Problem details
The output should hold exactly, and only, the lines from the line bearing "Caldera lake in" through the last line of the listing below, and no pictures.

**** Exercise data

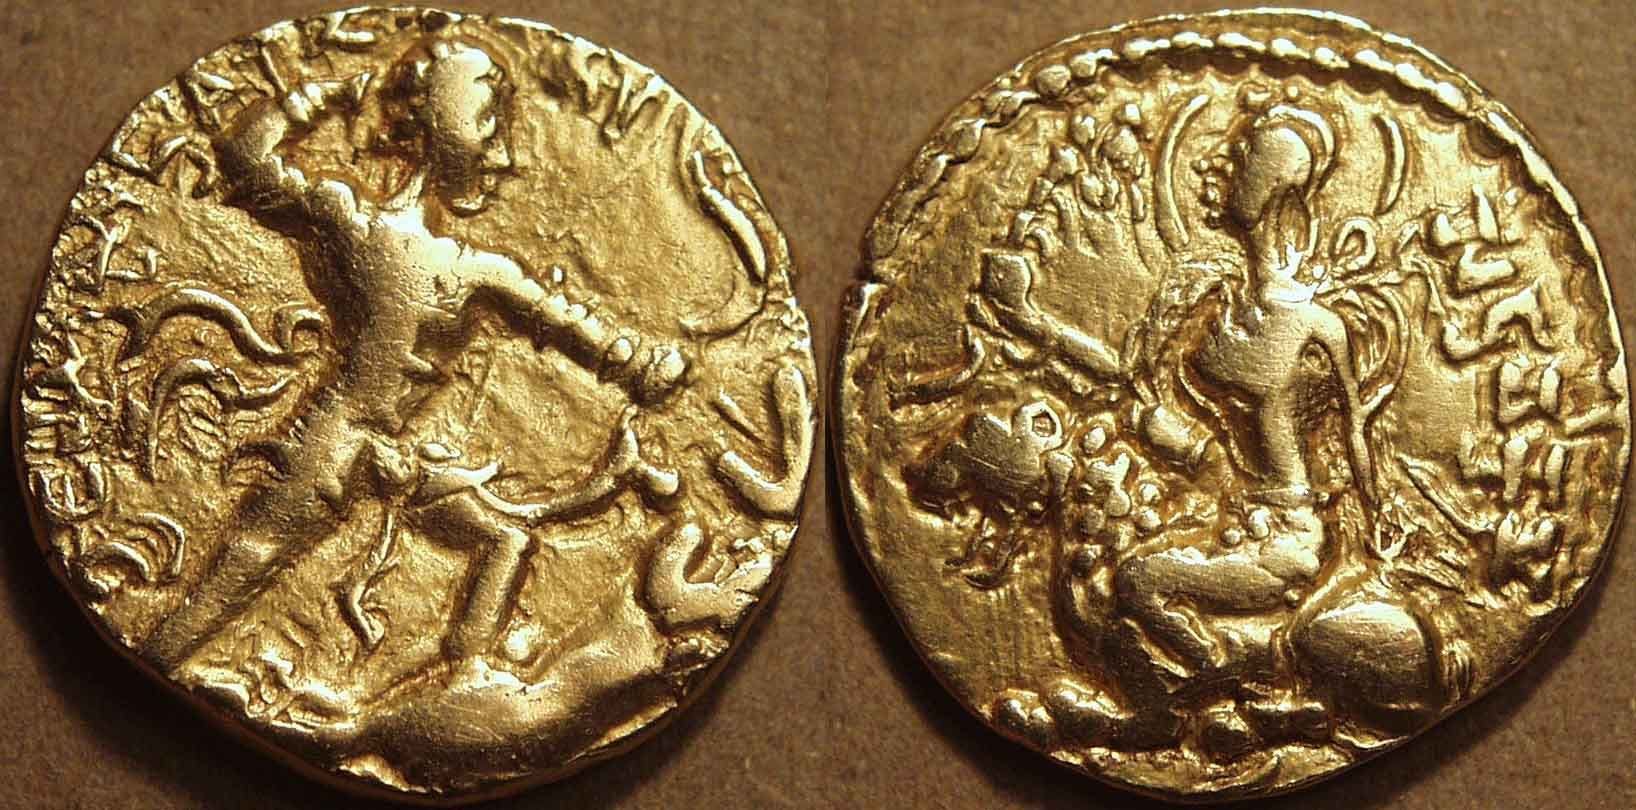 The lion-slayer type of Chandragupta II
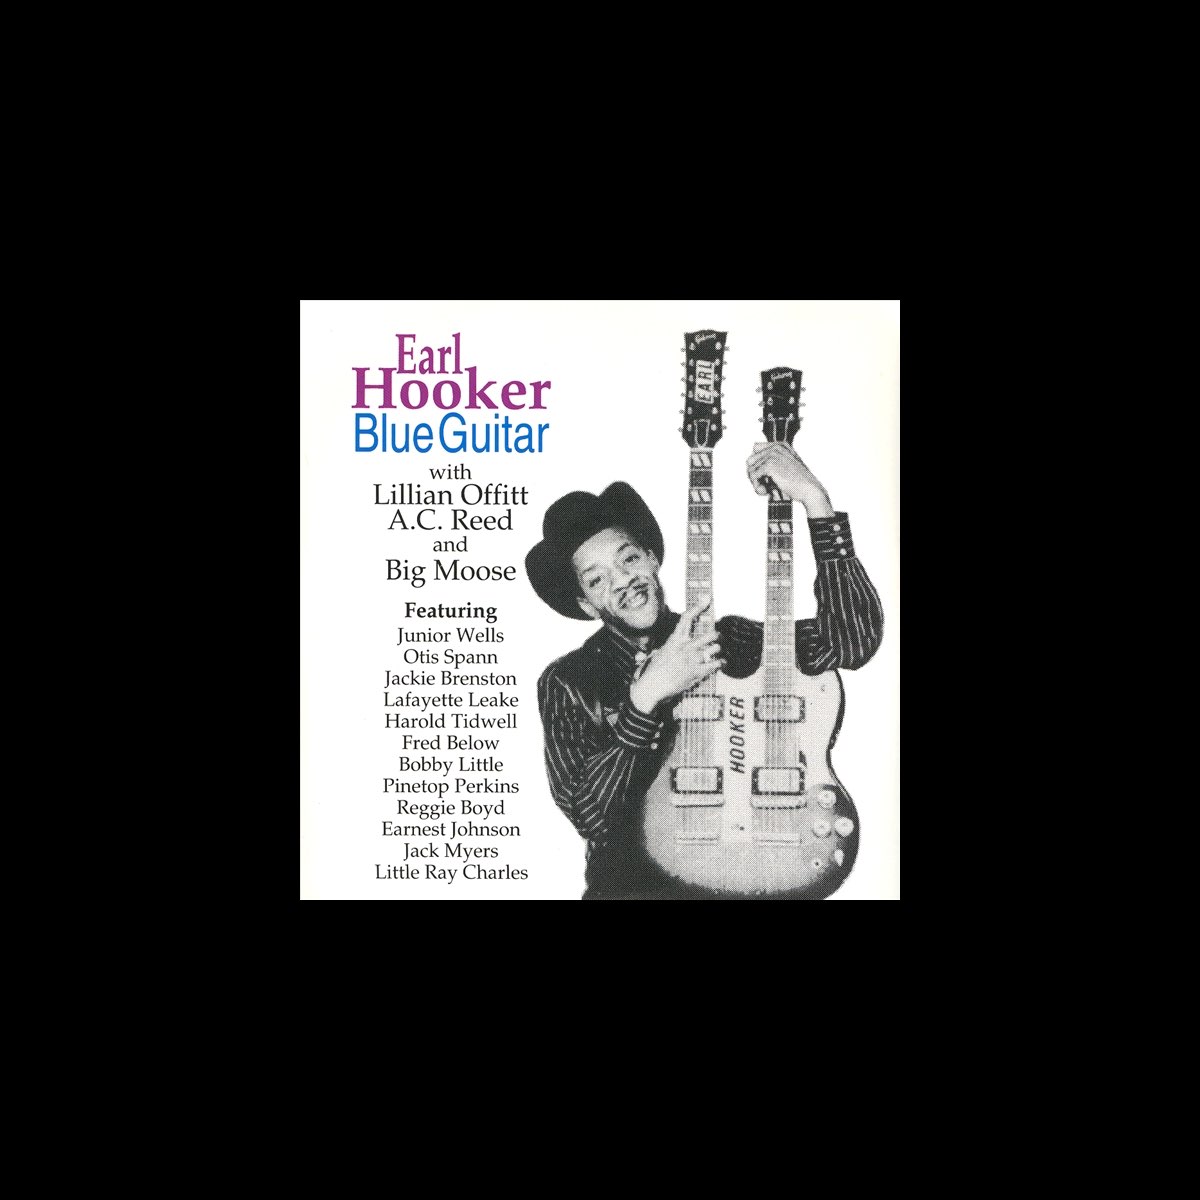 Blue Guitar - Album by Earl Hooker - Apple Music
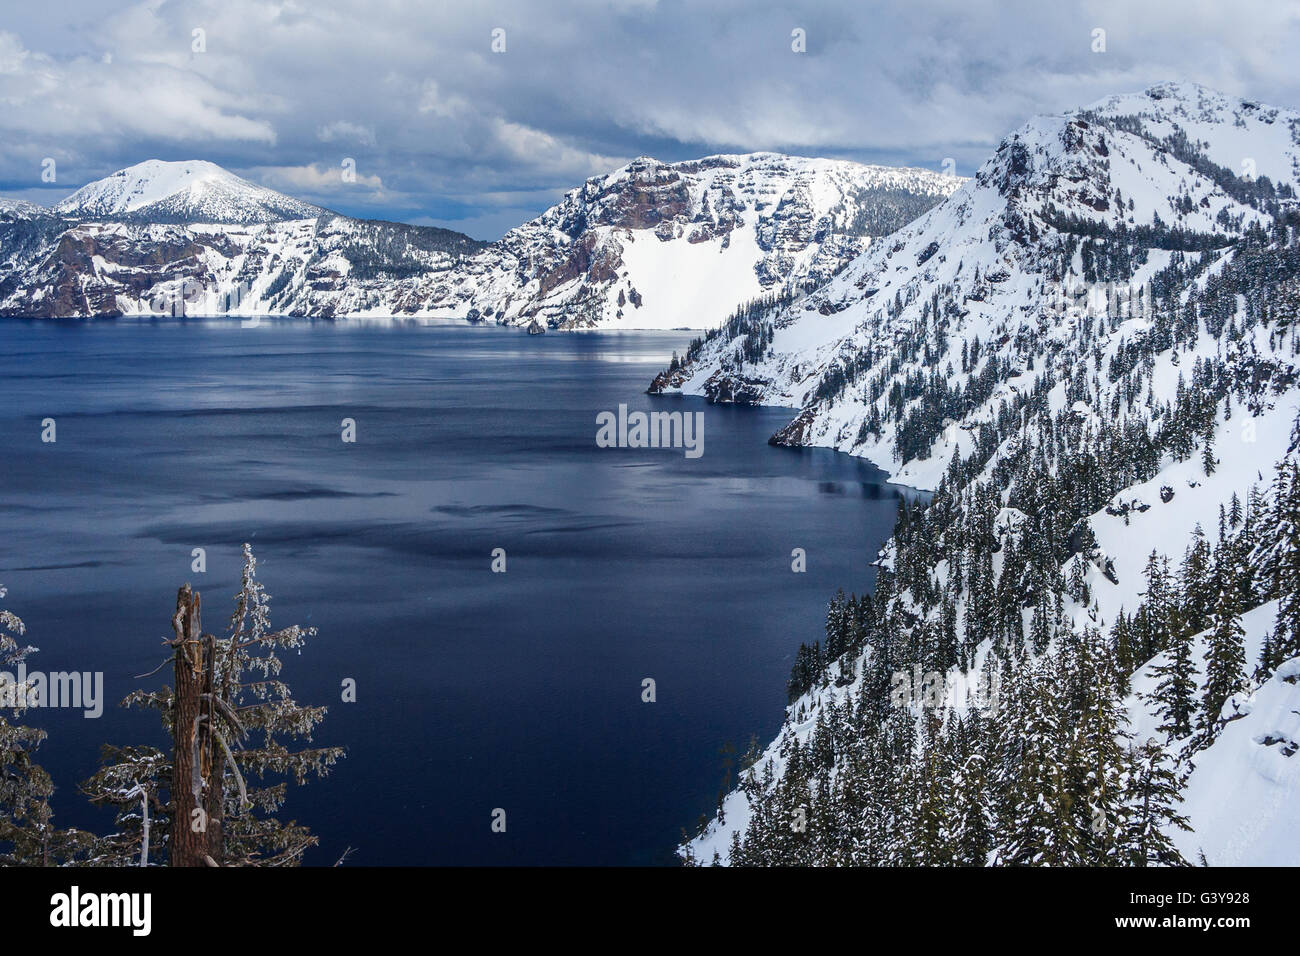 Caldera lake in Crater Lake National Park, Oregon, USA Stock Photo
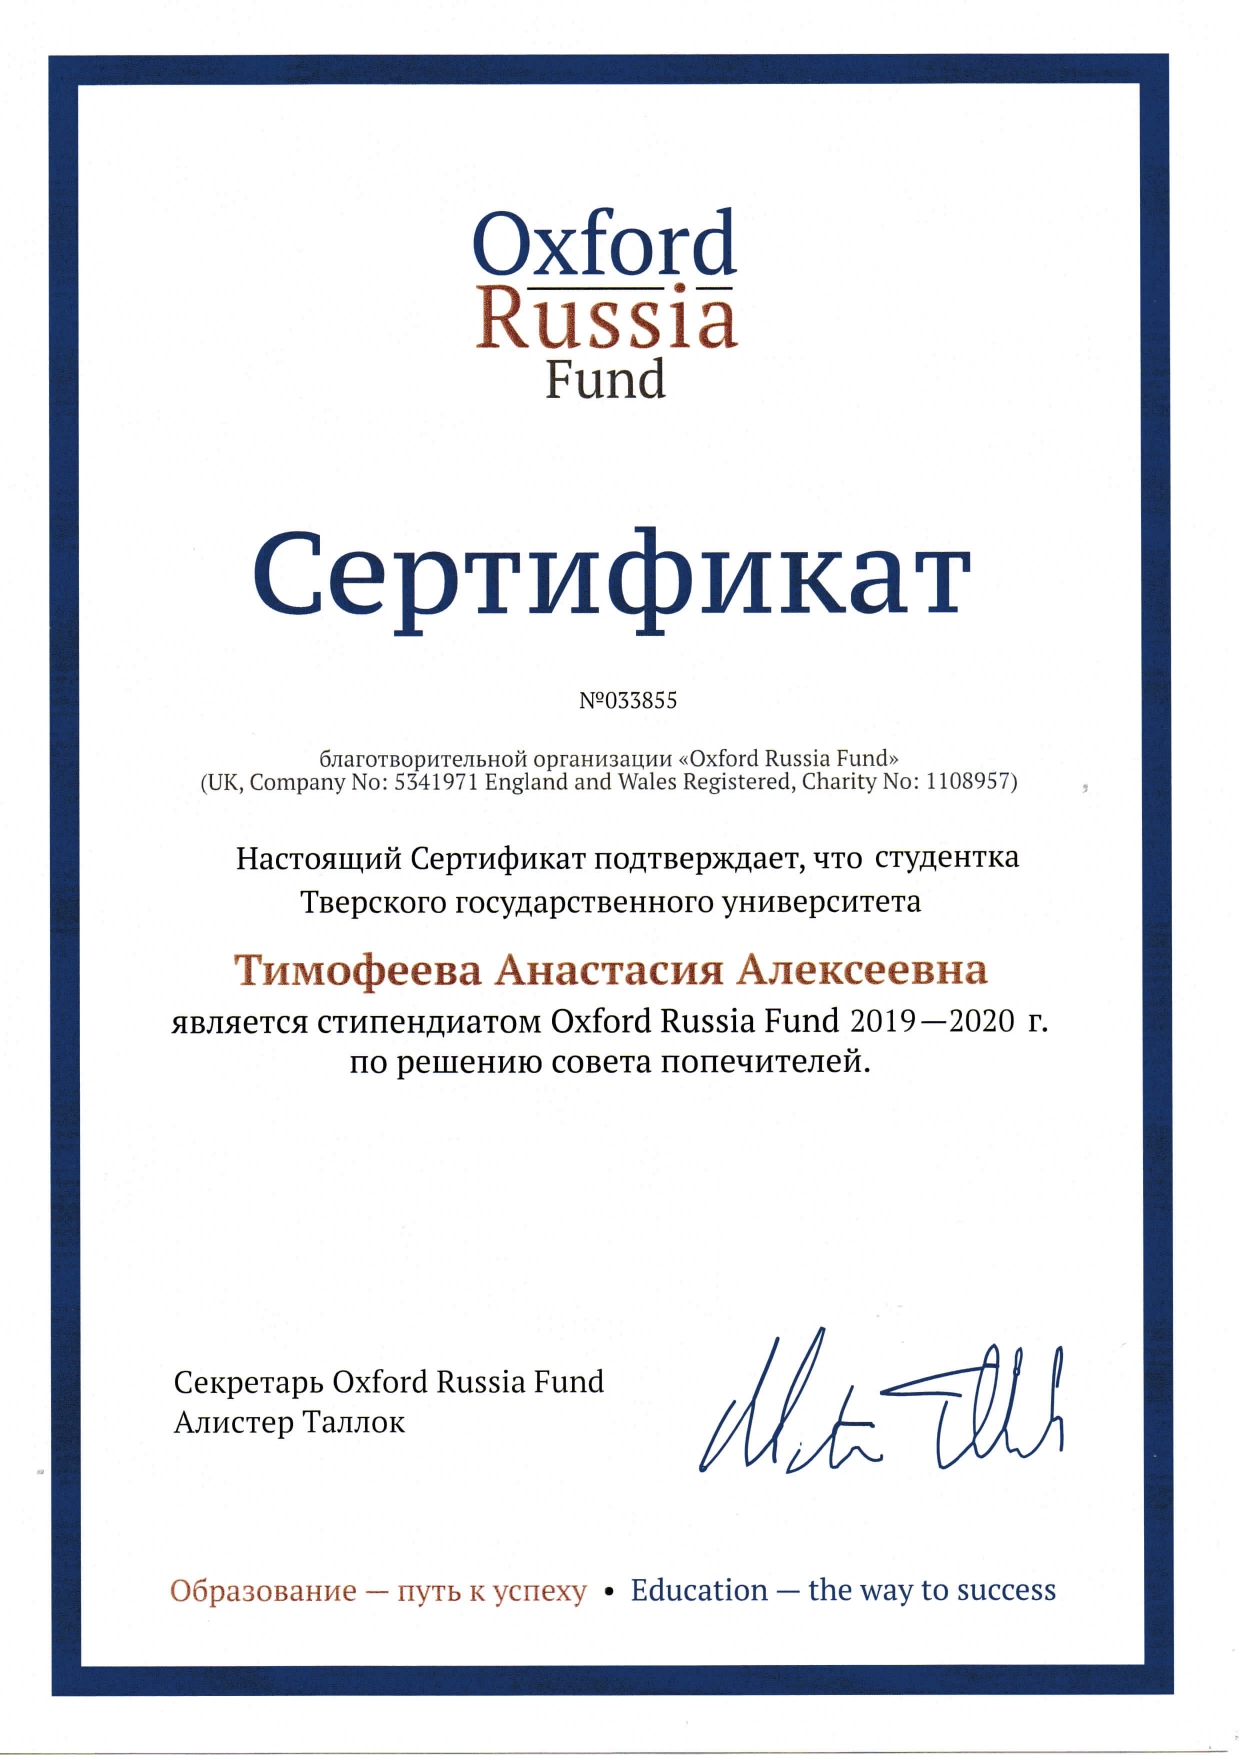 Тимофеева сертификат.jpg

********

Solution to this task
 Caldera lake in Crater Lake National Park, Oregon, USA Stock Photo
 Тимофеева сертификат.jpg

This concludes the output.